- Battle of Pelister: Part of the fragmentation of the Serbian Empire
| Date | c. 1369 |
| Location | Pelister mountain range (modern North Macedonia) |
| Result | Albanian Victory |

Belligerents
- Principality of Muzaka: Forces of King Vukašin Mrnjavčević

Commanders and leaders
- Andrea II Muzaka: Vukašin Mrnjavčević

= Battle of Pelister Mountain =

Alleged 1369 battle between Andrea II Muzaka and Vukašin Mrnjavčević

The Battle of Pelister was an alleged armed engagement around 1369 between Albanian nobleman Andrea II Muzaka, ruler of the Principality of Muzaka, and Serbian King Vukašin Mrnjavčević over territorial claims in southwestern Macedonia, including Kastoria.

According to the early 16th-century family chronicle written by Gjon Muzaka, Andrea II Muzaka assembled an army and confronted Vukašin's forces at Pelister mountain after the Serbian king marched into Muzaka territory. The battle reportedly ended in a decisive victory for Muzaka, with Vukašin captured as a prisoner. In recognition of this success against a Byzantine rival, Emperor John V Palaiologos allegedly granted Andrea II the title of Despot and a new coat of arms featuring a double-headed eagle.

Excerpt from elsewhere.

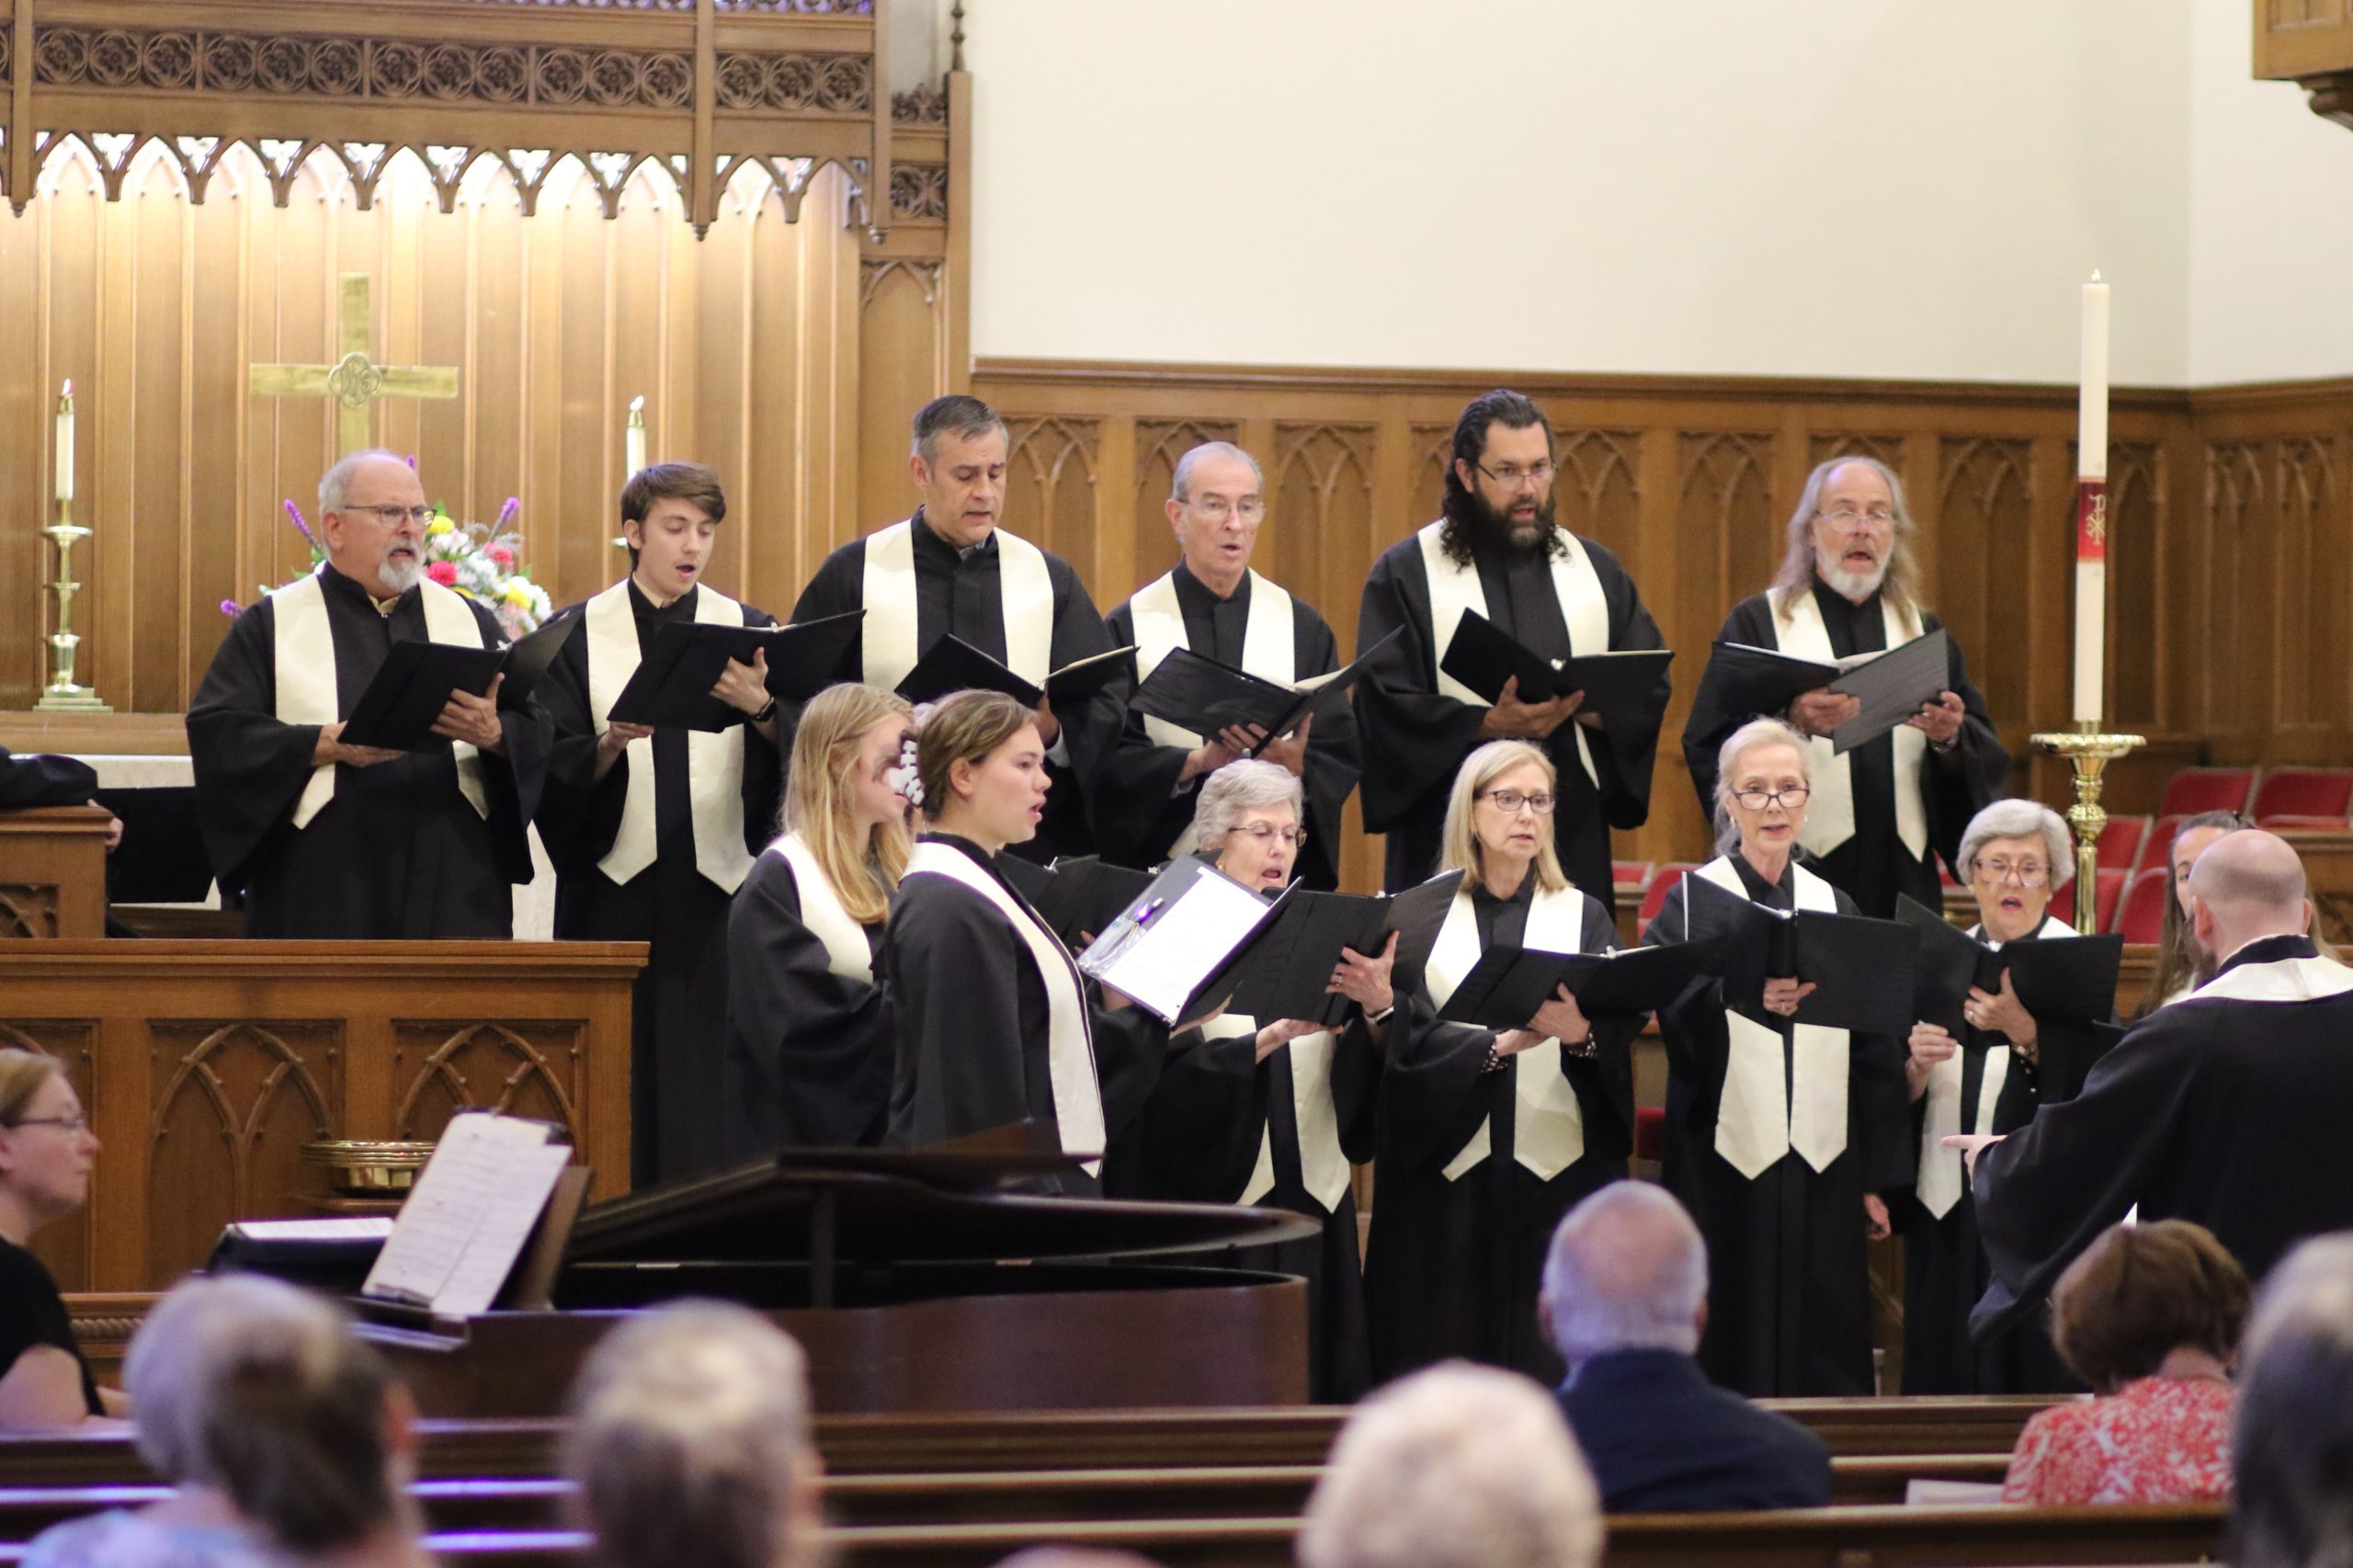 Festival of Choirs in the Sanctuary

The event is primarily attested in the Breve memoria de li discendenti de nostra casa Musachi (1510/1515) by Gjon Muzaka, a descendant writing in exile in Italy. No contemporary Byzantine, Serbian, or Ottoman sources directly confirm the battle or the capture of Vukašin, who is historically documented as dying at the Battle of Maritsa in 1371.

Following Vukašin's death at Maritsa, Andrea II Muzaka, allied with Andrea Gropa and the Balšić family, expanded into Kostur (Kastoria) and other areas previously held by Vukašin's son Prince Marko.

Historians regard the account as reflecting Muzaka family traditions but treat details like Vukašin's capture with caution due to lack of independent corroboration.